## The data
* * *
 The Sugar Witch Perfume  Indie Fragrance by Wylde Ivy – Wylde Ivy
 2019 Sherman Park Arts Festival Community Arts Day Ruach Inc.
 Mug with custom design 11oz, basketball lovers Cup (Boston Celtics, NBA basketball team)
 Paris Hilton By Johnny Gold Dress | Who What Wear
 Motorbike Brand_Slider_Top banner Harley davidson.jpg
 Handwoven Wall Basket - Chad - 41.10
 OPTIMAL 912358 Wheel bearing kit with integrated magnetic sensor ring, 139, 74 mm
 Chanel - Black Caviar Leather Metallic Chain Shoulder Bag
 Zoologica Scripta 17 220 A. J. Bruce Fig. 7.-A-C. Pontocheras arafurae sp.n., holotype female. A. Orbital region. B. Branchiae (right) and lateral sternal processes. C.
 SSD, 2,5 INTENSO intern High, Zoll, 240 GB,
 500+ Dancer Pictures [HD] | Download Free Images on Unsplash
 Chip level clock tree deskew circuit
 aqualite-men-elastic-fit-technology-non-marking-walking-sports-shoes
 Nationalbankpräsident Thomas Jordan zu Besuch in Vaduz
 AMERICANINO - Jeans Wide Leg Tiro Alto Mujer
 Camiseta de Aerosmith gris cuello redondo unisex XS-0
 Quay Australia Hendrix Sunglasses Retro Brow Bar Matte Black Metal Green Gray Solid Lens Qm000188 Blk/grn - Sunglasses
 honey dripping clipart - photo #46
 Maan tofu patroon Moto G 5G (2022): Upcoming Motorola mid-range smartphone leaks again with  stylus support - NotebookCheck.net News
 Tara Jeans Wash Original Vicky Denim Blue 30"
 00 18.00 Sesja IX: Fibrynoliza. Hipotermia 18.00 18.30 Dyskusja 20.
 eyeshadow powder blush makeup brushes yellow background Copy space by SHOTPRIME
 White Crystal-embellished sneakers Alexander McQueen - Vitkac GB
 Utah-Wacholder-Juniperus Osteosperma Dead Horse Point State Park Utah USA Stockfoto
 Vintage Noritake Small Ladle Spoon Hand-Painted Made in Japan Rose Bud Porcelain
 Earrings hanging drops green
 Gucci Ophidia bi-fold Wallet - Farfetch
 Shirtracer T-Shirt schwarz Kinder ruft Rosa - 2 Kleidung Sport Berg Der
* * *
Print all the data exactly as shown above.

 The Sugar Witch Perfume  Indie Fragrance by Wylde Ivy – Wylde Ivy
 2019 Sherman Park Arts Festival Community Arts Day Ruach Inc.
 Mug with custom design 11oz, basketball lovers Cup (Boston Celtics, NBA basketball team)
 Paris Hilton By Johnny Gold Dress | Who What Wear
 Motorbike Brand_Slider_Top banner Harley davidson.jpg
 Handwoven Wall Basket - Chad - 41.10
 OPTIMAL 912358 Wheel bearing kit with integrated magnetic sensor ring, 139, 74 mm
 Chanel - Black Caviar Leather Metallic Chain Shoulder Bag
 Zoologica Scripta 17 220 A. J. Bruce Fig. 7.-A-C. Pontocheras arafurae sp.n., holotype female. A. Orbital region. B. Branchiae (right) and lateral sternal processes. C.
 SSD, 2,5 INTENSO intern High, Zoll, 240 GB,
 500+ Dancer Pictures [HD] | Download Free Images on Unsplash
 Chip level clock tree deskew circuit
 aqualite-men-elastic-fit-technology-non-marking-walking-sports-shoes
 Nationalbankpräsident Thomas Jordan zu Besuch in Vaduz
 AMERICANINO - Jeans Wide Leg Tiro Alto Mujer
 Camiseta de Aerosmith gris cuello redondo unisex XS-0
 Quay Australia Hendrix Sunglasses Retro Brow Bar Matte Black Metal Green Gray Solid Lens Qm000188 Blk/grn - Sunglasses
 honey dripping clipart - photo #46
 Maan tofu patroon Moto G 5G (2022): Upcoming Motorola mid-range smartphone leaks again with  stylus support - NotebookCheck.net News
 Tara Jeans Wash Original Vicky Denim Blue 30"
 00 18.00 Sesja IX: Fibrynoliza. Hipotermia 18.00 18.30 Dyskusja 20.
 eyeshadow powder blush makeup brushes yellow background Copy space by SHOTPRIME
 White Crystal-embellished sneakers Alexander McQueen - Vitkac GB
 Utah-Wacholder-Juniperus Osteosperma Dead Horse Point State Park Utah USA Stockfoto
 Vintage Noritake Small Ladle Spoon Hand-Painted Made in Japan Rose Bud Porcelain
 Earrings hanging drops green
 Gucci Ophidia bi-fold Wallet - Farfetch
 Shirtracer T-Shirt schwarz Kinder ruft Rosa - 2 Kleidung Sport Berg Der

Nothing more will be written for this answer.